Though Kravitz cautions that Geisinger’s genomics program is still in its infancy, if more patients can be sequenced and cross-referenced—made possible by the network’s state-of-the-art EPIC electronic health records system (EHR) and data lake—improvements in care are sure to follow.

In fact, a recent publication in JAMA NetworkOpen, an open-access medical research and commentary organization, identified care gaps for individuals at risk of developing hereditary breast and ovarian cancer—gaps that could be closed using sequencing data from two genes, BRCA1 and BRCA2.

“We’re already seeing lives being saved because of earlier, more effective intervention,” Kravitz says. “We’ve always been very metrics-driven, and it’s heartening to see what’s possible when you have the right systems in place.”

In the right hands

Such strategies include a growing litany of codified “care paths,” driven by the aforementioned EHR. In the past, patients across Geisinger’s network who sought treatment for the same condition—say, bronchitis—might be subject to any number of methods or medications.

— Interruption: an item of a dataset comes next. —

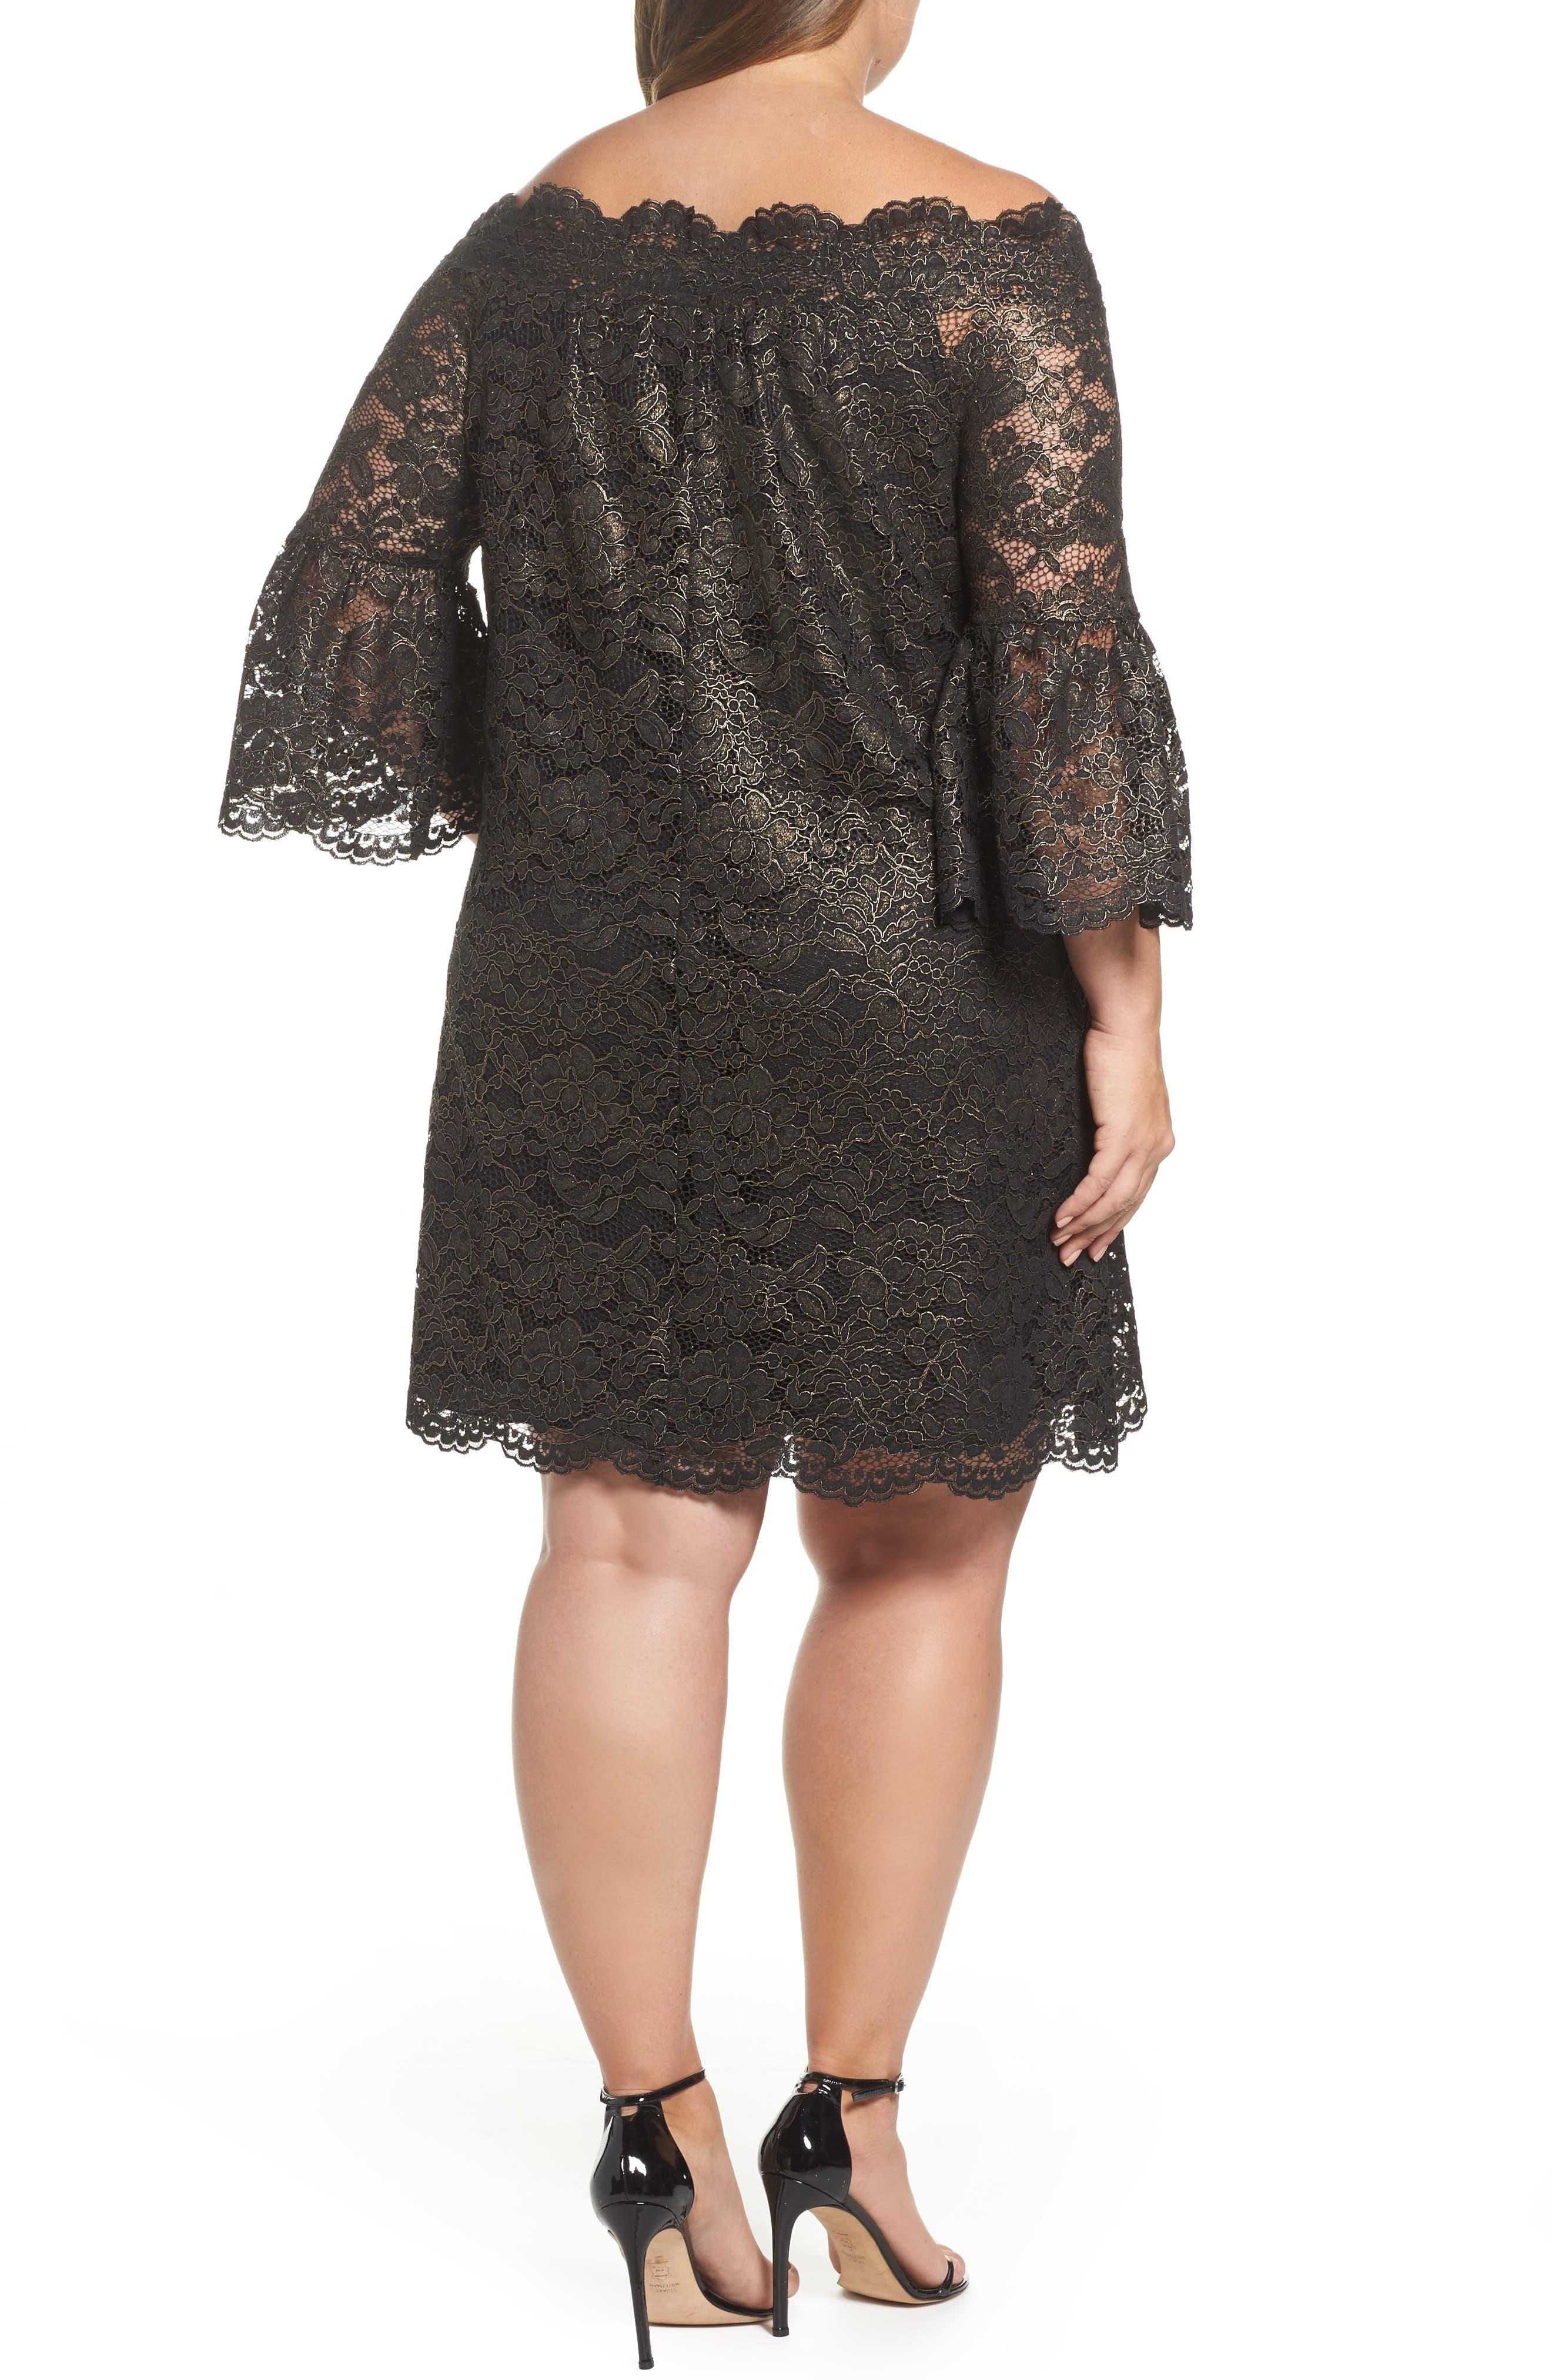 Off the Shoulder Black Gold Lace Dress,                             Alternate thumbnail 2, color,                             005

John Kravitz – Geisinger Health Toggle Magazine

Now, thanks to data provided by Geisinger’s EHR, physicians use certain inputs—symptoms, medication history, and so on—to trigger specific orders and procedures. In the case of diabetics, for example, a patient who’s gone more than a year without a checkup will automatically be given a series of exams upon their next visit.

The goal, Kravitz says, is to “close as many care gaps as possible” by using data provided by other providers—even those outside the Geisinger system—to provide a more holistic picture of the patient.

The more outcome data that’s collected, the better and more defined those care paths become.

“That’s the beauty of data: when you have what you need, the evidence is strong enough to change our minds about any number of long-held beliefs in patient care,” Kravitz says. “We’re letting the data guide more of what we do, which in turn has helped dramatically improve the doctor-patient relationship.”